* [TO DO]
Your answer must be an exact copy of the data below, minus any pictures.

* [PROVIDED MATERIAL]
■ ■ ■
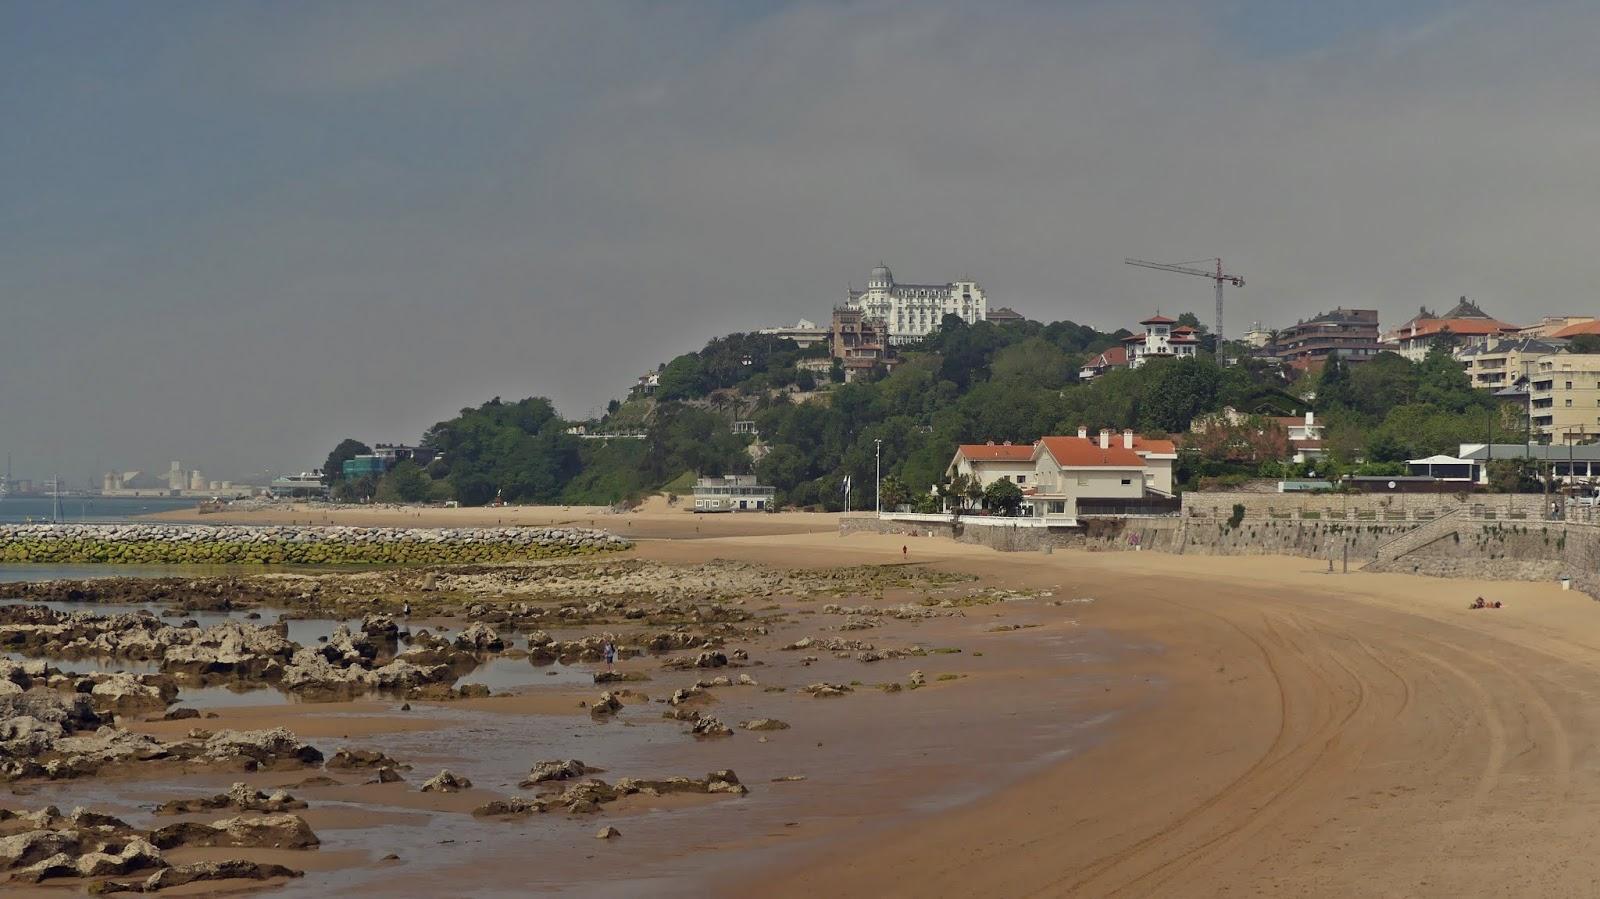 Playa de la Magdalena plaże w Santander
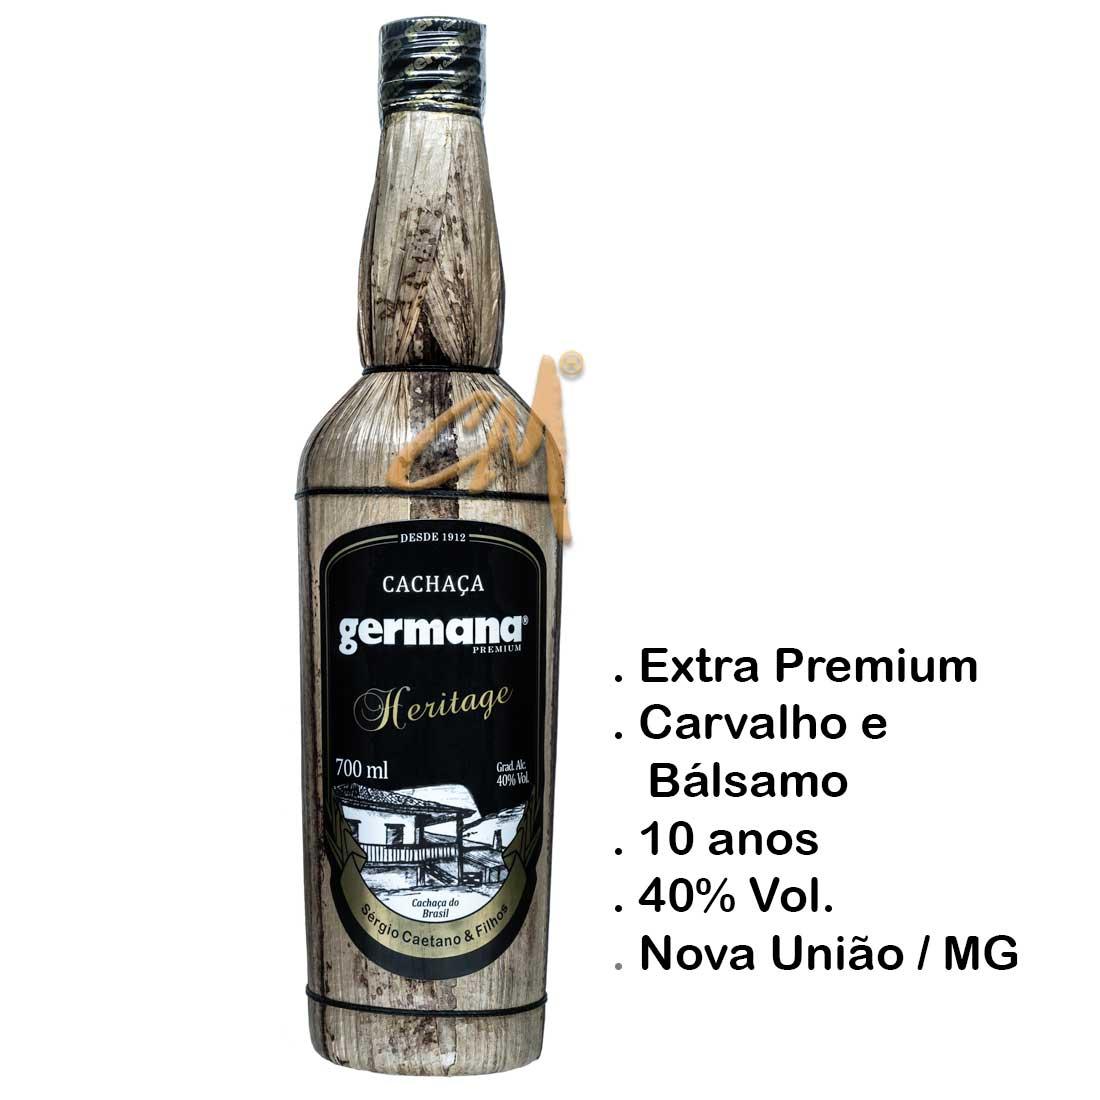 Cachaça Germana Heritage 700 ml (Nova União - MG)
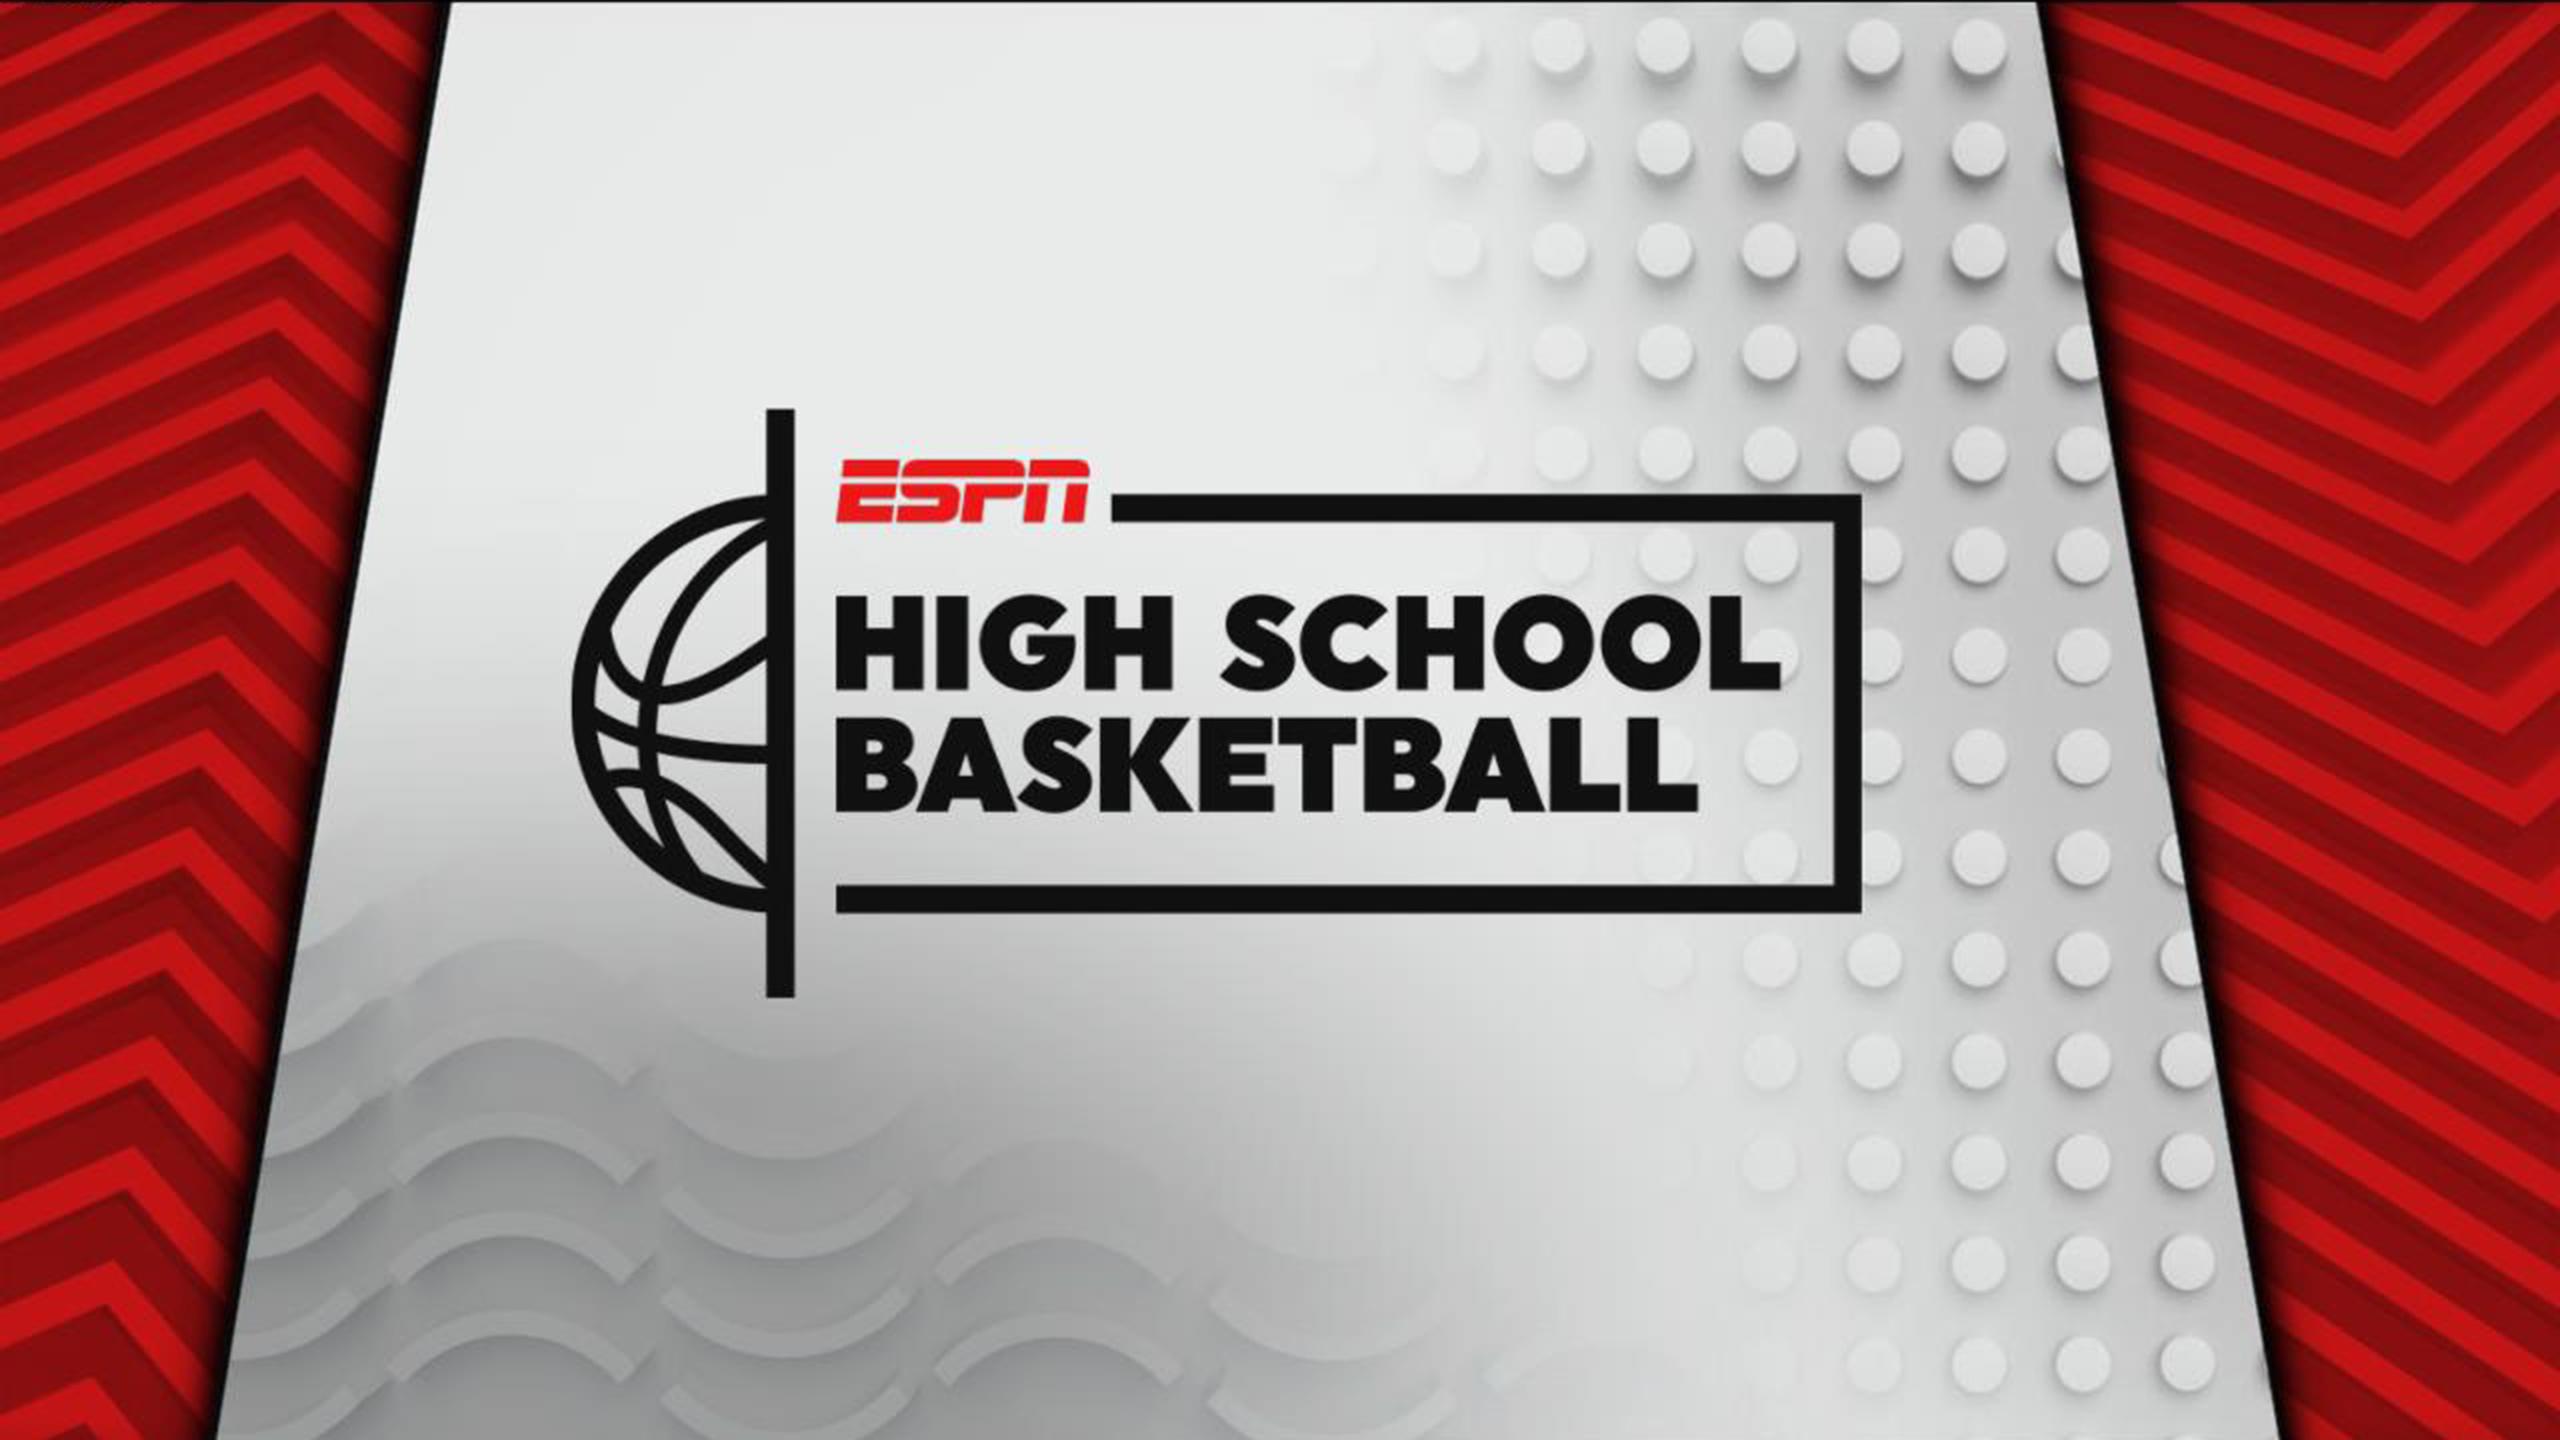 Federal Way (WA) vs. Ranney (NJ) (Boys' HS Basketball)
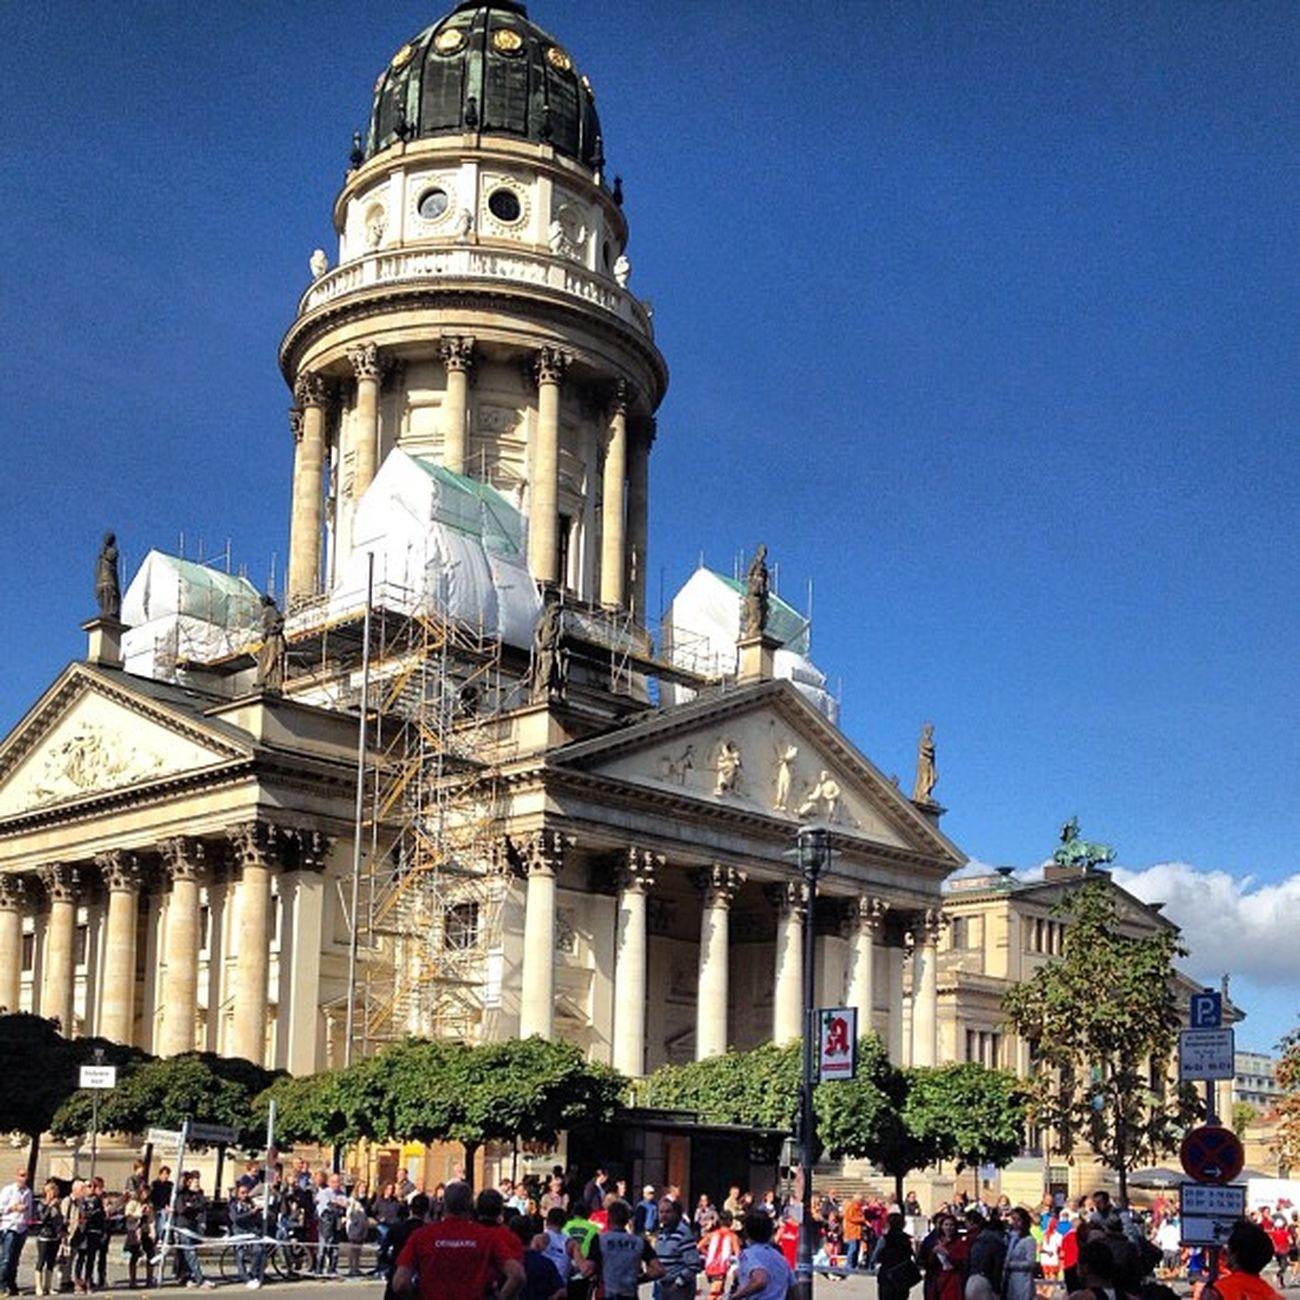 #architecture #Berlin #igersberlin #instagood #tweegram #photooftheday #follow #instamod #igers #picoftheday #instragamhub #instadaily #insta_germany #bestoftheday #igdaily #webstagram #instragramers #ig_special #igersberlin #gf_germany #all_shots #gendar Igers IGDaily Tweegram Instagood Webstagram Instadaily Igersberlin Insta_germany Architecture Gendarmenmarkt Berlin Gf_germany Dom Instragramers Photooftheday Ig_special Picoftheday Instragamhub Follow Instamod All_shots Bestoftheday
■ ■ ■
* [ANSWER]
 Playa de la Magdalena plaże w Santander
 Cachaça Germana Heritage 700 ml (Nova União - MG)
 Federal Way (WA) vs. Ranney (NJ) (Boys' HS Basketball)
 #architecture #Berlin #igersberlin #instagood #tweegram #photooftheday #follow #instamod #igers #picoftheday #instragamhub #instadaily #insta_germany #bestoftheday #igdaily #webstagram #instragramers #ig_special #igersberlin #gf_germany #all_shots #gendar Igers IGDaily Tweegram Instagood Webstagram Instadaily Igersberlin Insta_germany Architecture Gendarmenmarkt Berlin Gf_germany Dom Instragramers Photooftheday Ig_special Picoftheday Instragamhub Follow Instamod All_shots Bestoftheday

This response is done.